TECHtalk Q&A: Navigating the data protection tightrope to the USA…without falling off!

We received excellent delegate feedback to our most recent TECHtalk webinar, in which we considered the EU-US Data Privacy Framework (DPF), as well as the UK-US Data Bridge (Data Bridge): “As I've expressed before, one of the best, if not the best, sessions out there on Data Protection matters in my opinion”. We received lots of questions as well as part of the session, so in this Q&A, we answer some of those raised during the webinar, which we didn’t get time to answer during the TECHtalk.

Q: What is meant by HR data under the DPF/Data Bridge?

A: For the purposes of the DPF and Data Bridge, this is defined as the following in respect of an organisation: “personal information about its employees (past or present) collected in the context of the employment relationship, to a parent, affiliate, or unaffiliated service provider in the United States participating in the [DPF/Data Bridge]”

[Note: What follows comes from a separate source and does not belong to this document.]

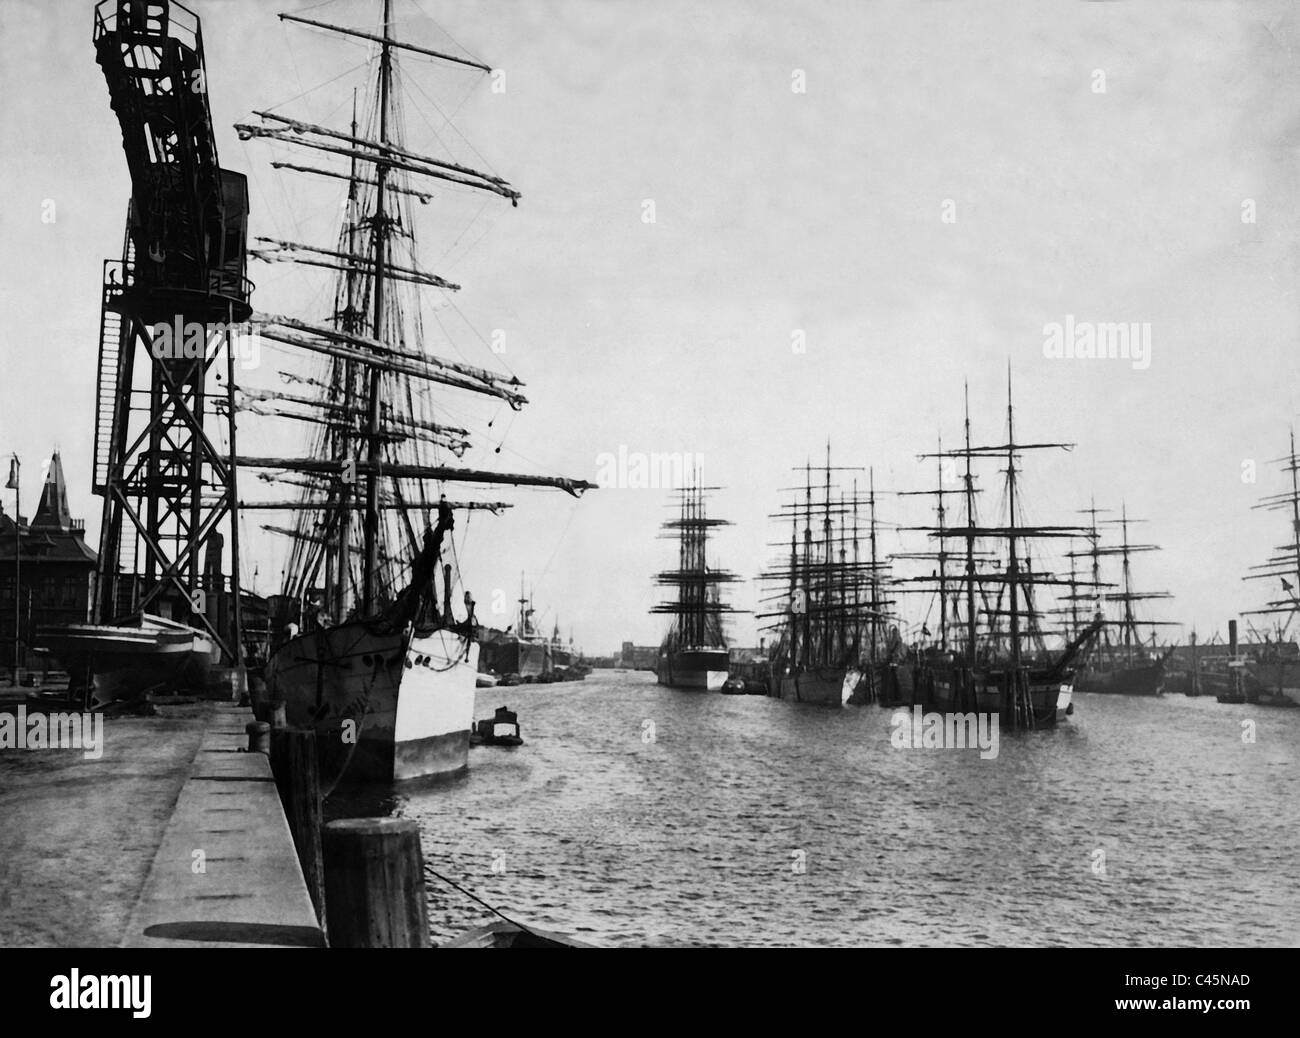 Hamburg 1936 Black and White Stock Photos & Images - Alamy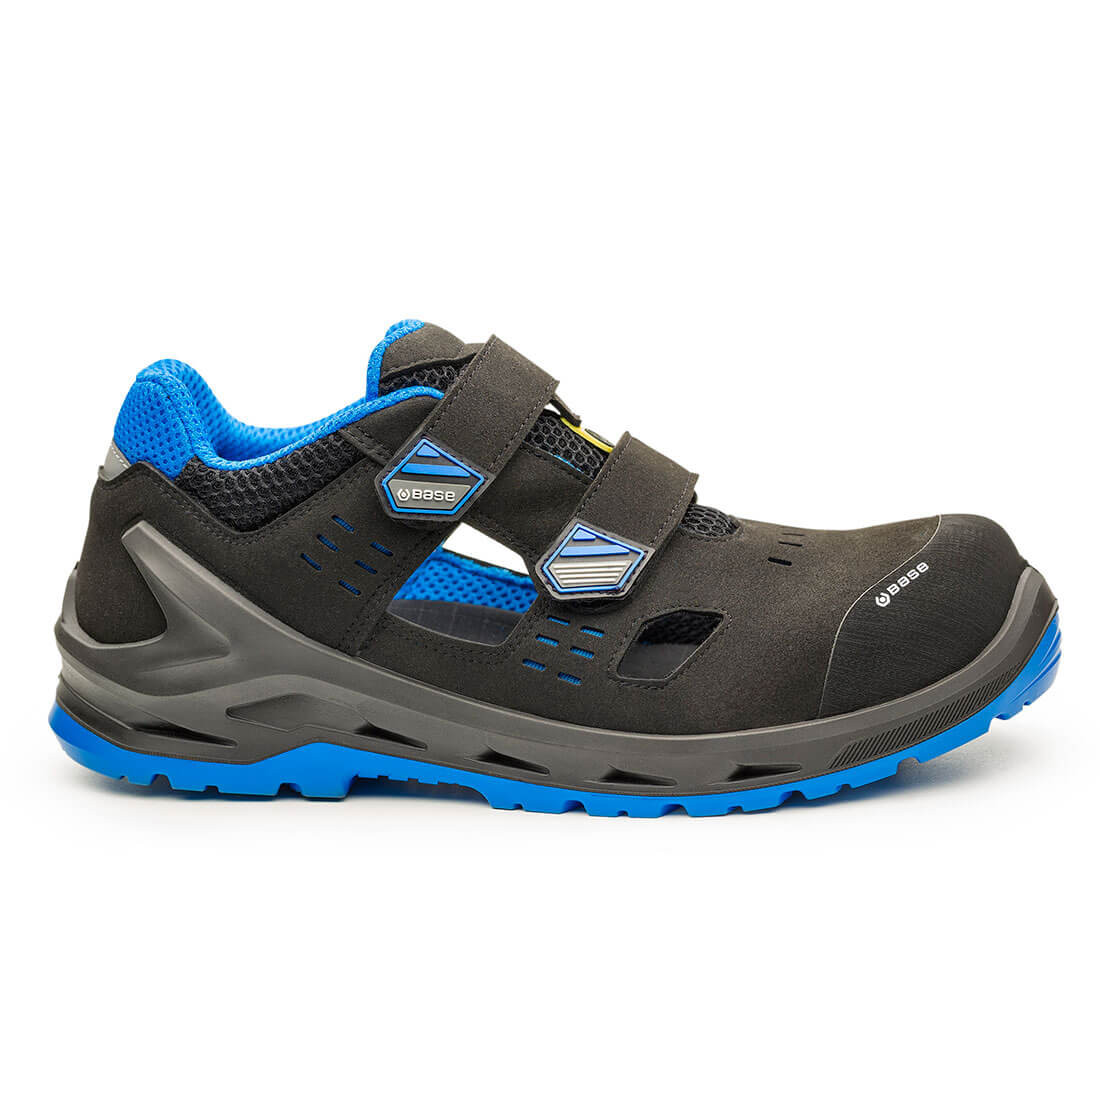 Pantofi i-Bit S1P ESD SRC - Incaltaminte de protectie | Bocanci, Pantofi, Sandale, Cizme

Q: What if the US supplier receiving data is an individual? Can they self-certify or is an International Data Transfer Agreement (IDTA) still needed?

A: Only USA organisations that are subject to the enforcement jurisdiction of the Federal Trade Commission or Department of Transportation can register under the DPF or Data Bridge. Therefore, UK transfers to the USA for others will require an appropriate transfer mechanism, which is most likely to be the UK GDPR approved IDTA or Addendum mechanism for most organisations.

Q: Does the DPF cover special category data as well?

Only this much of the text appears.